Shrujan brings the magic of needlework to Delhi

Another thing that came across was the intricate and diverse embroidery done by rural women.

Published: 14th February 2019 01:44 AM  |   Last Updated: 14th February 2019 09:35 AM   |  A+A-

Works from the Shrujan Trust, a Bhuj based no profit, no loss organisation

Express News Service

Shrujan  Trust, a Bhuj based no profit, no loss organisation that has been empowering women in the Kutch region by curating and promoting the traditional embroidery craft tradition in contemporary silhouettes across the globe over the last 50 years, is exhibiting its collection for three days, starting February 14, at The Aga Khan Hall in the Capital.

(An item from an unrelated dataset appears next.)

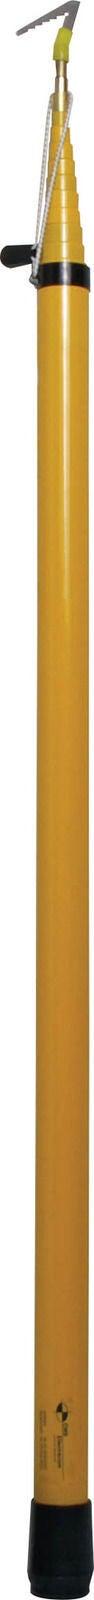 Telescopic Cable Grab Lightweight Fiberglass TCGP48 4.8m TP16 Collapsing Pole T4640
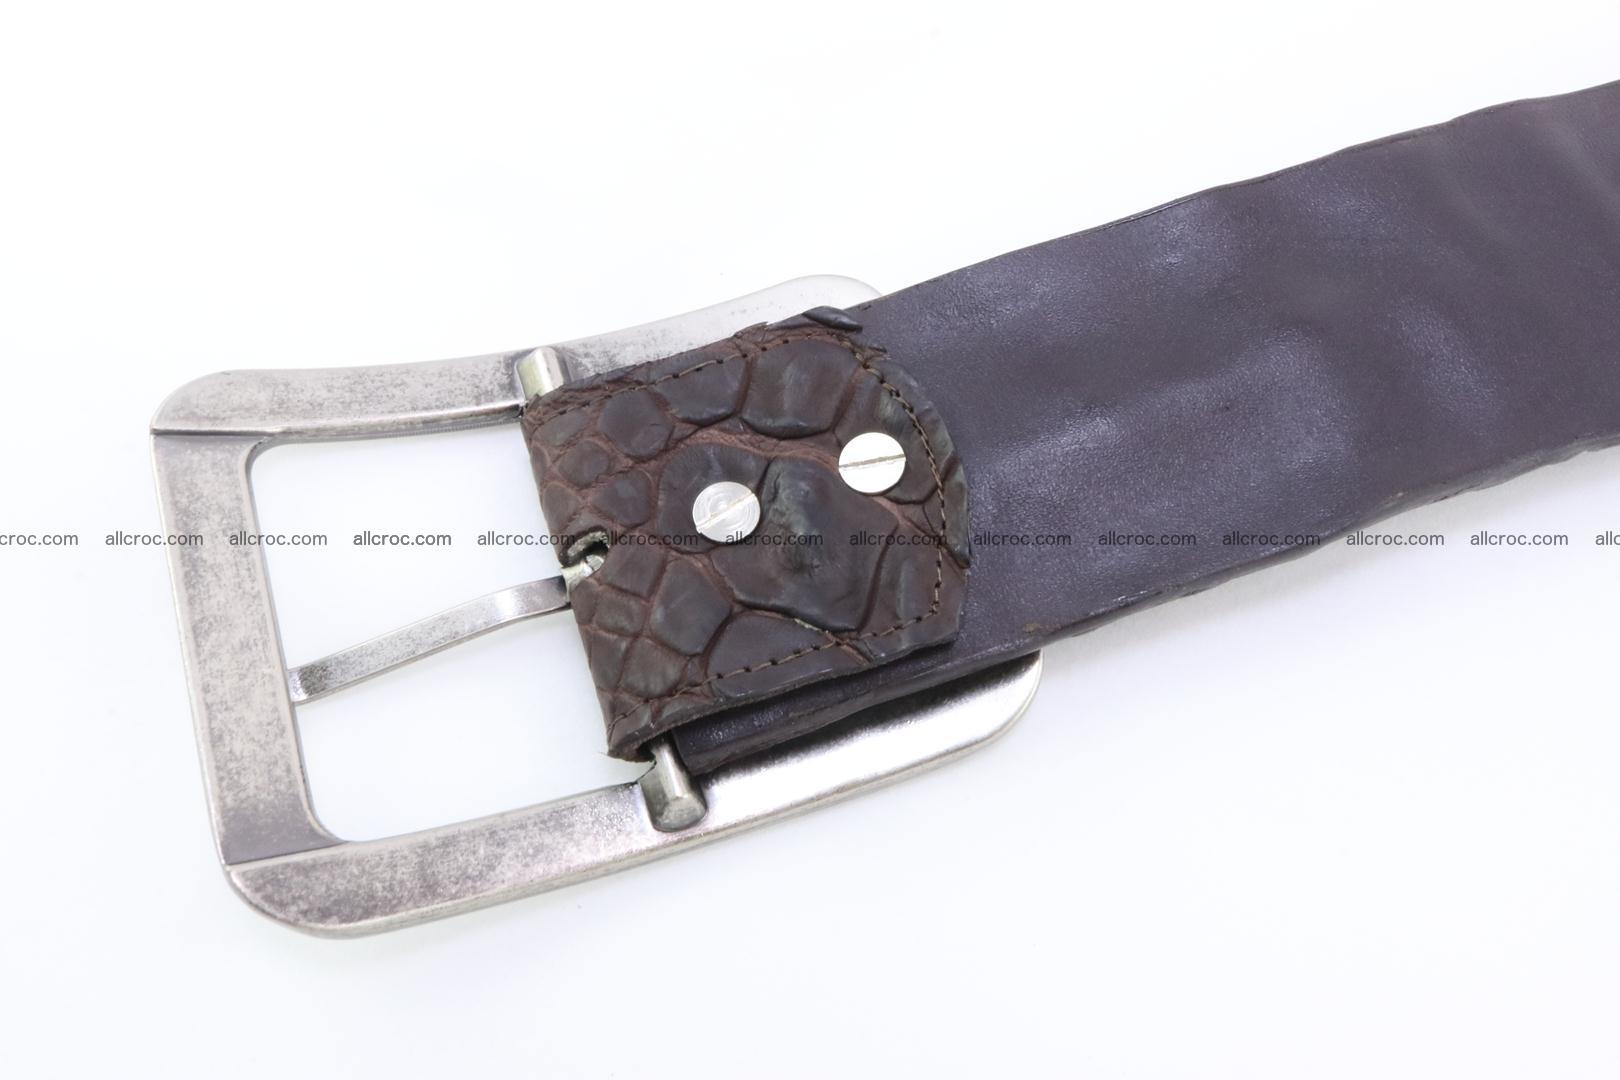 Genuine crocodile hornback belt for jeans width 50mm 155 Foto 7

The collection will showcase some of the authentic embroidered pieces, which will reflect the vibrant culture of Gujarat and mirror the work of the diverse communities of Kutch, and also bring some of the couture collection created under the guidance of well-known designers like Sudha Patel, Ami Shroff and Swati Dalal. The collection includes silk saris, stoles and West Bengal Cotton silhouettes with intricate embroidery work. Every garment will have a story of its own as these are created over a week, months and sometimes even a year.

Taking us through the history, Ami Shroff, Managing Trustee, Shrujan, says, “In 1969, my mother Chandaben Shroff went to the Kutch region to aid drought relief efforts. She realised that the local community there was reluctant to accept handouts, insisting on being given work instead.

Another thing that came across was the intricate and diverse embroidery done by rural women. She decided to experiment, and bought 30 saris, gave them to 30 different women and asked them to adorn them with their embroidery. As they were put up at an exhibition in Mumbai, the 30 pieces were sold off, with demands for more. And thus Shrujan Trust was born.”

Today, more than 6,000 women have been empowered to use the embroidery that was once a personal craft and turned into a source of livelihood and a tool for preserving their culture, all at the same time. The trust also runs the recently established Living and Learning Design Center that aims to maintain the craft culture of the region dating back centuries and even promote it on a global platform. Additionally, the centre is even skilling the next generation of craftspeople in rich history and tradition that emerges from the Kutch region.

Shrujan’s craftswomen embroider in more than 60 different styles. “These women are proud to use their hands to stand tall on their feet. Their passion for excellence is what makes Shrujan embroidery like no other, anywhere in the world. Unlike other organisations, Shrujan believes in honouring the artisans by giving them their fair share for the time they put in, irrespective of whether the piece they create, gets sold or not,” says Shroff on her working model and USP.

The exhibition for the first time will be graced by experienced craftsmen and craftswomen who have handcrafted these designs and embroideries. “We expect a good response, as this time there are national award-winning weavers, ajrak artists, tie-dye artists, exhibiting their work, along with Shrujan. In the past, we have received an overwhelming response in the Capital, and we are confident that we will receive Delhiites’ support this time around as well,” says Shroff. 

Shrujan hosts its collection in all the major cities of India annually including Delhi, Chennai, Bangalore, Ahmedabad and Mumbai. Shrujan had organised its biggest annual collection showcase at the Prince of Wales Museum of Mumbai, the 49th year of the exclusive exhibition held over a week, and in June 2018, it showcased its work in Japan.